Такая же задача проведения прогнозных физических расчетов возникла и при исследованиях начальной загрузки и выхода в режим установившихся перегрузок топлива в РБМК. Непосредственно воспользоваться программой Акимова для РБМК было нельзя, так как последний заметно отличался не только размерами, но и структурой активной зоны. Программу надо было фактически писать заново, оставив только метод. За эту работу взялись опытные физики-программисты НИКИЭТ Борщев, Карпов и Румянцев. В результате родилась программа БОКР. Она, конечно, была далека от совершенства, но позволяла оценивать мощность каждого канала. Существовавшие в то время вычислительные машины не давали возможности выполнения точных расчетов. Кроме того, программа была двумерной, и высотные поля надо было считать как-то отдельно. По мере роста быстродействия машин и объема оперативной памяти программа БОКР постоянно совершенствовалась, но и то, что мы могли с ее помощью получать, позволяло физикам лучше понять, с каким реактором придется иметь дело эксплуатационникам, и отражать это в проектной документации и инструкциях.
Продолжая исследования полей энерговыделения в различных ситуациях, постепенно забирались и в экзотические случаи, которые могут возникнуть в процессе эксплуатации, и добрались до локальных “котлов”. Результат нас поразил. Оказывается, в случае неудачной перегрузки топлива и неудачных действий со стержнями регулирования можно в реакторе получить такие нейтронные поля, что отдельные каналы будут иметь мощность, на порядок отличающуюся от мощности остальных каналов. И если рядом нет стержней, “подавить” этот “котел” нечем. Напуганные полученными результатами, мы отправились к С.М. Фейнбергу. Для него полученный результат был также неожиданным. Правда, он его отнес к несовершенству методов расчета. Такие мысли были и у нас. Неточностей в расчетах было достаточно много. Это касалось как подготовки констант, так и выбора расчетных точек. Но, подкрепляемые опытом работы с белоярскими реакторами, мы продолжали свои исследования, все более убеждаясь в том, что такие ситуации возможны.

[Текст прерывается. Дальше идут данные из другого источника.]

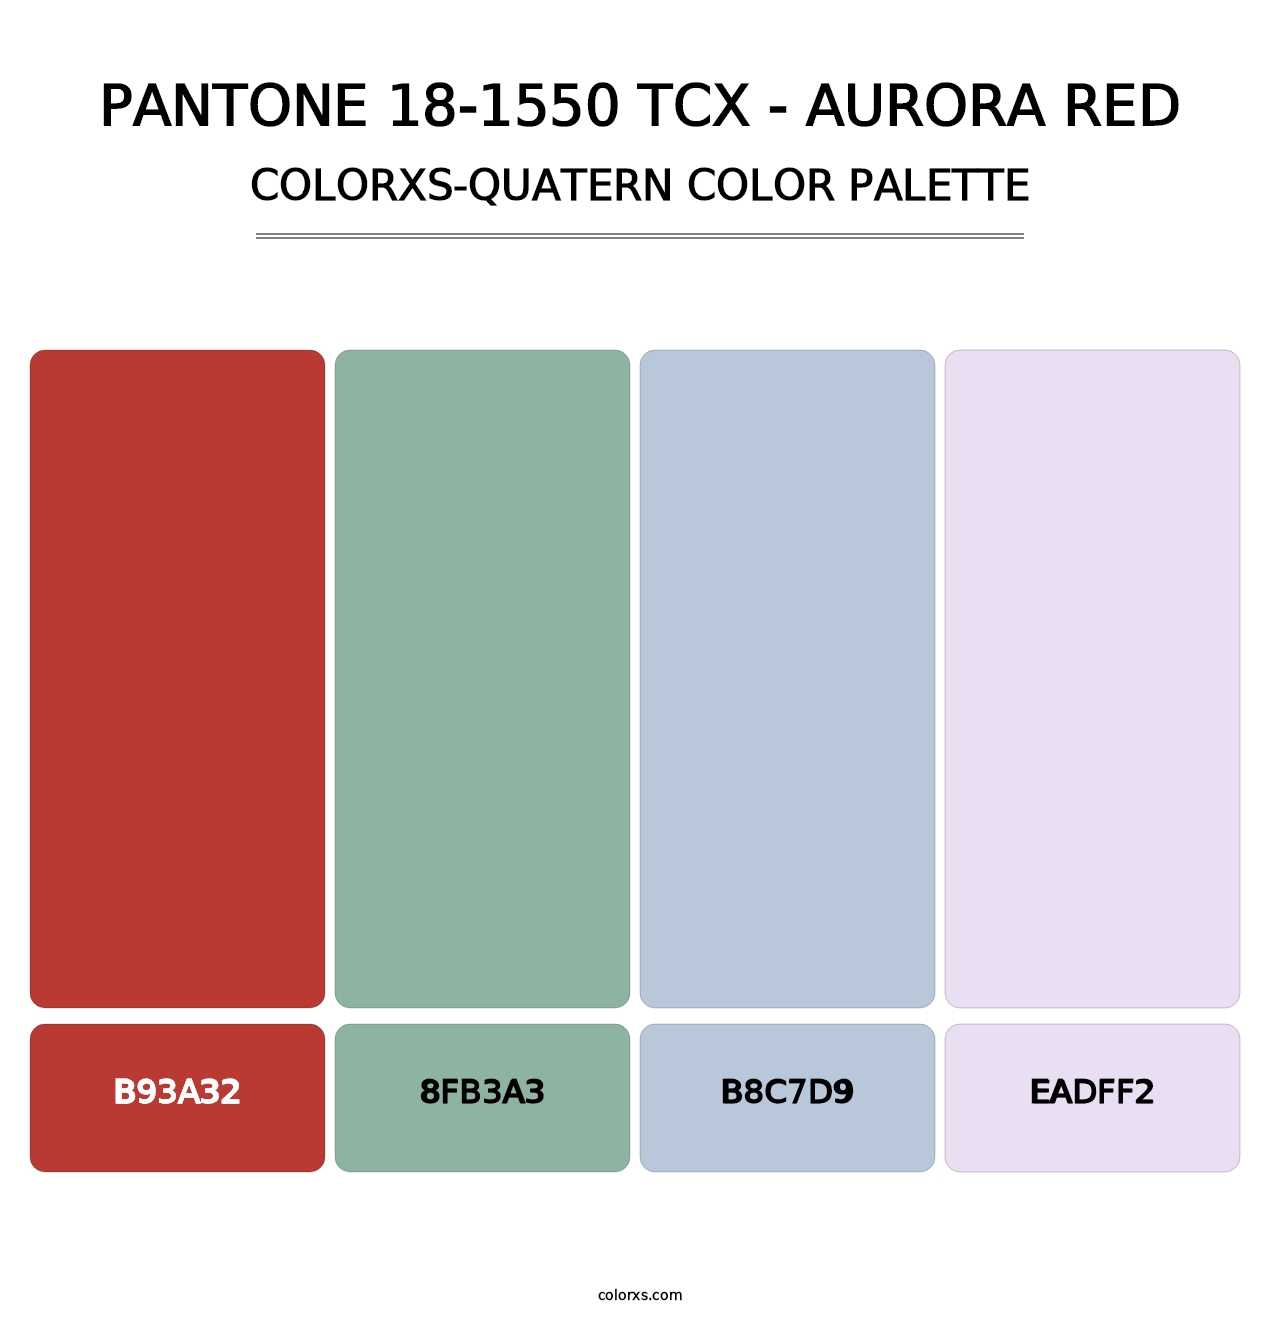 PANTONE 18-1550 TCX - Aurora Red - Colorxs Quatern Palette
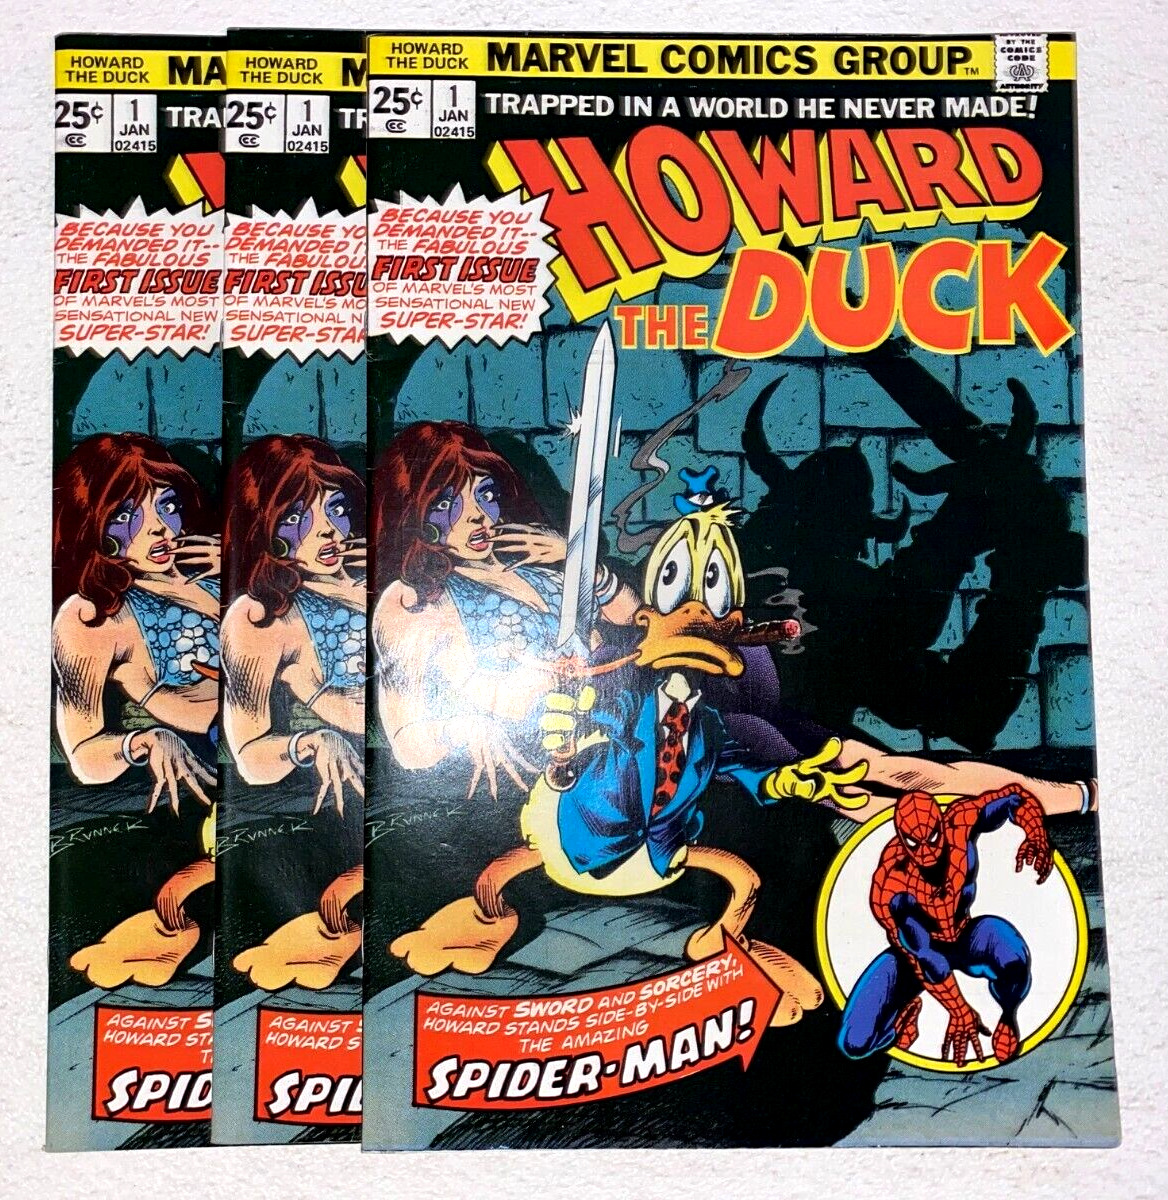 Howard the Duck #1 (Marvel, 1976) Lot of 3

Не показывая вида, что наше сообщение его напугало, С.М. Фейнберг, тем не менее, поручил С.С. Городкову срочно разработать программу расчета полей энерговыделения для реактора РБМК с несколько другой схемой пространственного счета и с другим методом подготовки констант для расчетных ячеек. Приближалось время физического пуска реактора. Новых результатов, подтверждающих или опровергающих полученные данные, не было, но сомнения в достоверности наших расчетов, посеянные С.М. Фейнбергом, остались, и не только у представителя ИАЭ Е.П. Кунегина, но и у В.И. Рябова — заместителя главного инженера ЛАЭС по науке, т.е. главного физика на станции. Критические эксперименты во время физпуска проводились, к сожалению, уже без С.М. Фейнберга — незадолго до этого он скончался.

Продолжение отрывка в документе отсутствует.